The Governing Council decided today to cut the three main interest rates of the ECB by 25 basis points. According to the updated assessment of the outlook for inflation, the dynamics of core inflation and the strength of monetary policy transmission, it is now appropriate to moderate the degree of monetary policy accommodation after nine months of holding interest rates. Since the Governing Council meeting in September 2023 onwards, inflation has fallen by more than 2.5 percentage points and the outlook for inflation has improved significantly. Core inflation has also eased, reinforcing signs that price pressures have eased, and inflation expectations have eased across the board. Monetary policy has kept financing conditions tight. The curbing of demand and the stabilization of inflation expectations have contributed significantly to the return of inflation to lower levels.
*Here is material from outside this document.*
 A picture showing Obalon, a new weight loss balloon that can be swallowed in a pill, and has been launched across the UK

At the same time, despite the progress made in recent quarters, domestic price pressures remain strong as the pace of wage growth is elevated, and inflation is likely to remain above target for much of next year as well. The latest Eurosystem staff projections for headline and core inflation arehave been revised upwards for 2024 and 2025 compared to March projections. Experts now expect headline inflation to average 2.5% in 2024, 2.2% in 2025 and 1.9% in 2026. As for inflation excluding energy and food itemsforecast to average 2.8% in 2024, 2.2% in 2025 and 2.0% in 2026. The rate of economic growth is expected to accelerate to 0.9% in 2024, 1.4% in 2025 and 1.6% in 2026.

The Governing Council is determined to ensure that inflation returns to its medium-term target of 2% in time. It will keep policy rates sufficiently restrictive for as long as necessary to achieve this goal. The Governing Council will continue to take an evidence-based approach and make decisions on a meeting-by-meeting basis to determine the appropriate extent and duration of the contractionary change in monetary policy. In particular, its interest rate decisions will be based on its assessment of the outlook for inflation in light of incoming economic and financial data, the dynamics of underlying inflation and the intensity with which monetary policy is transmitted. The Board of Directors does not commit in advance to a specific course of interest rates.
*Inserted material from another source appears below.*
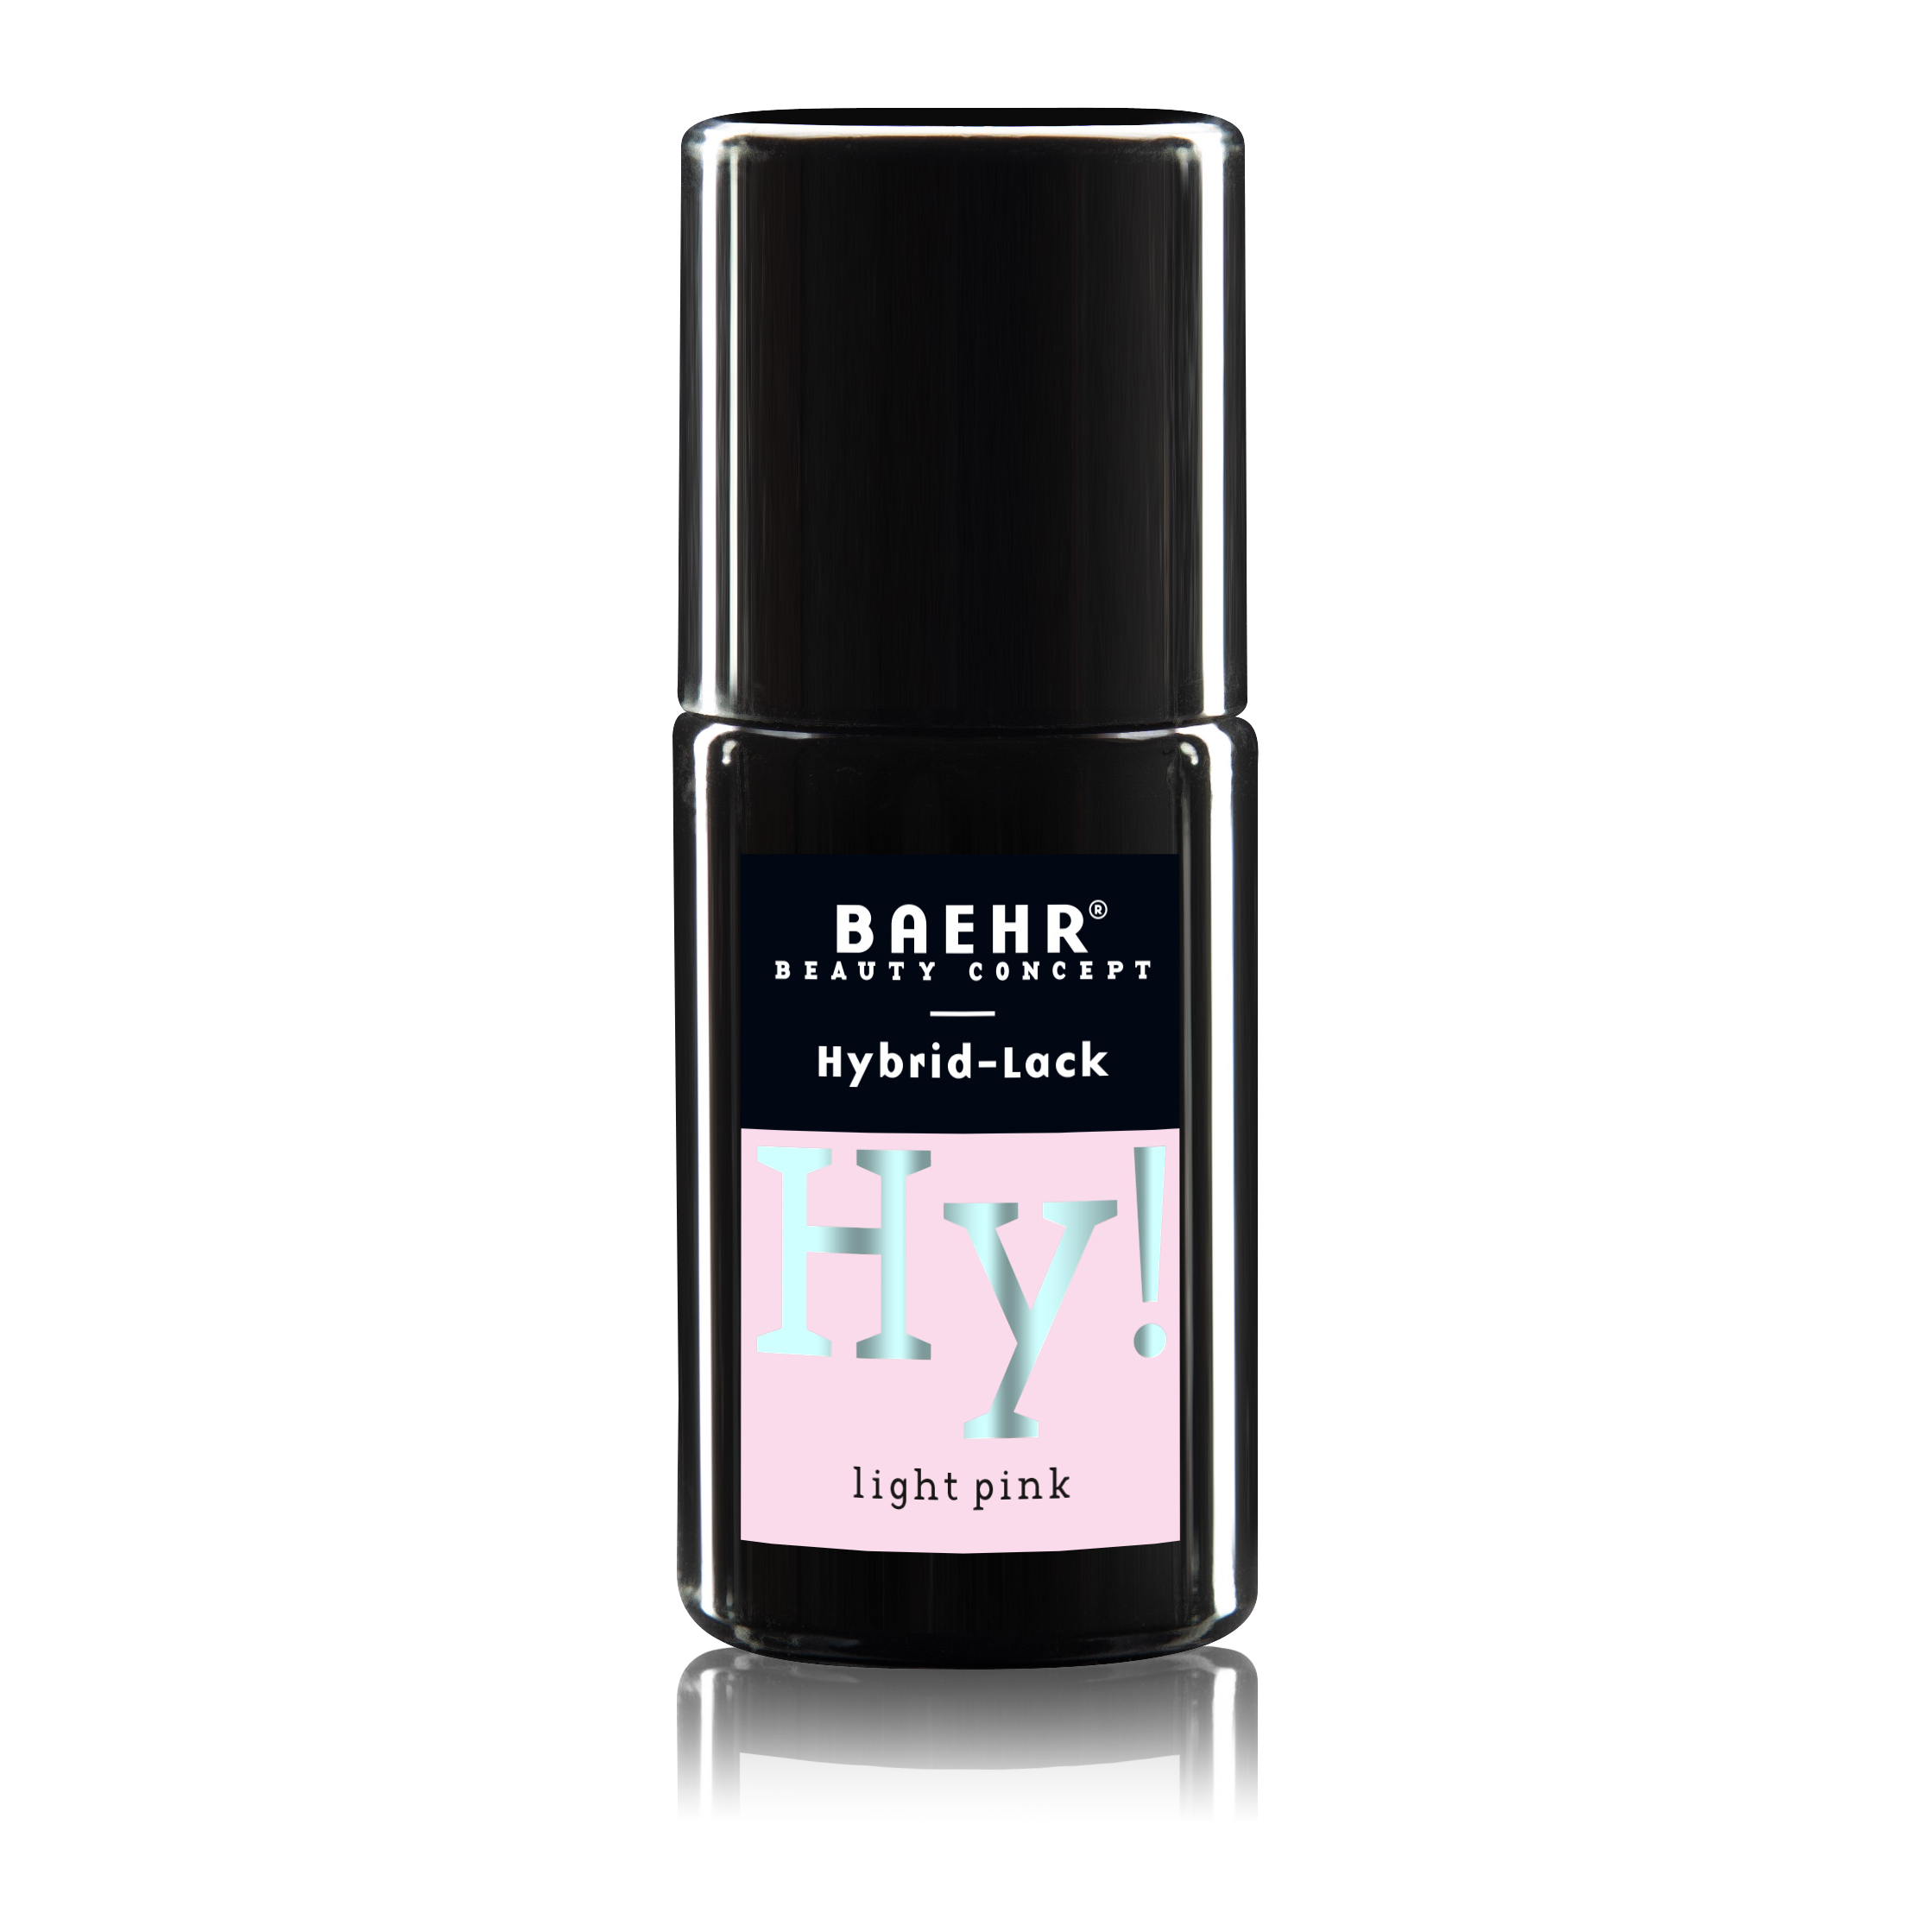 BAEHR BEAUTY CONCEPT - NAILS Hy! Hybrid-Lack, light pink 8 ml

The Board also confirmed today that will reduce the securities held by the Eurosystem under the Pandemic Emergency Asset Purchase Program (PEPP) by 7.5 billion euros per month on average in the second half of this year. The detailed terms of this reduction will generally be similar to those that applied to the asset purchase program (APP).

Asset Purchase Program (APP) and Pandemic Emergency Asset Purchase Program (PEPP)

The APP portfolio is being reduced at a measured and predictable pace, as the Eurosystem no longer reinvests principal amounts from redeeming securities at maturity.

The Board of Directors will continue to fully reinvest principal amounts from redeeming securities acquired under the PEPP scheme when they expire by the end of June 2024. During the second half of the year, it will reduce the size of the PEPP portfolio by €7.5 billion per month on average. The Board intends to end reinvestments under the PEPP scheme at the end of 2024.

The Governing Council will continue to apply flexibility to the reinvestment of amounts from the redemption of PEPP portfolio securities as they mature in order to address risks to the monetary policy transmission mechanism related to the pandemic.

Refinancing operations

As banks repay the amounts borrowed under targeted longer-term refinancing operations, the Governing Council will regularly assess how targeted financing operations and their continued repayment contribute to the direction of its monetary policy.

Finally, it is noted that the Governing Council of the ECB is ready to adjust all the instruments at its disposal within the limits of the mandate assigned to it, in order to ensure that inflation will return to the 2% target in the medium term and to preserve the smooth operation of the monetary policy transmission mechanism. In addition, the Transmission Protection Instrument (TPI) is available to hedge against undesired, disorderly market developments that pose a serious threat to the transmission of monetary policy across euro area countries, thus allowing the Administrative Council to more effectively fulfill its mission of price stability.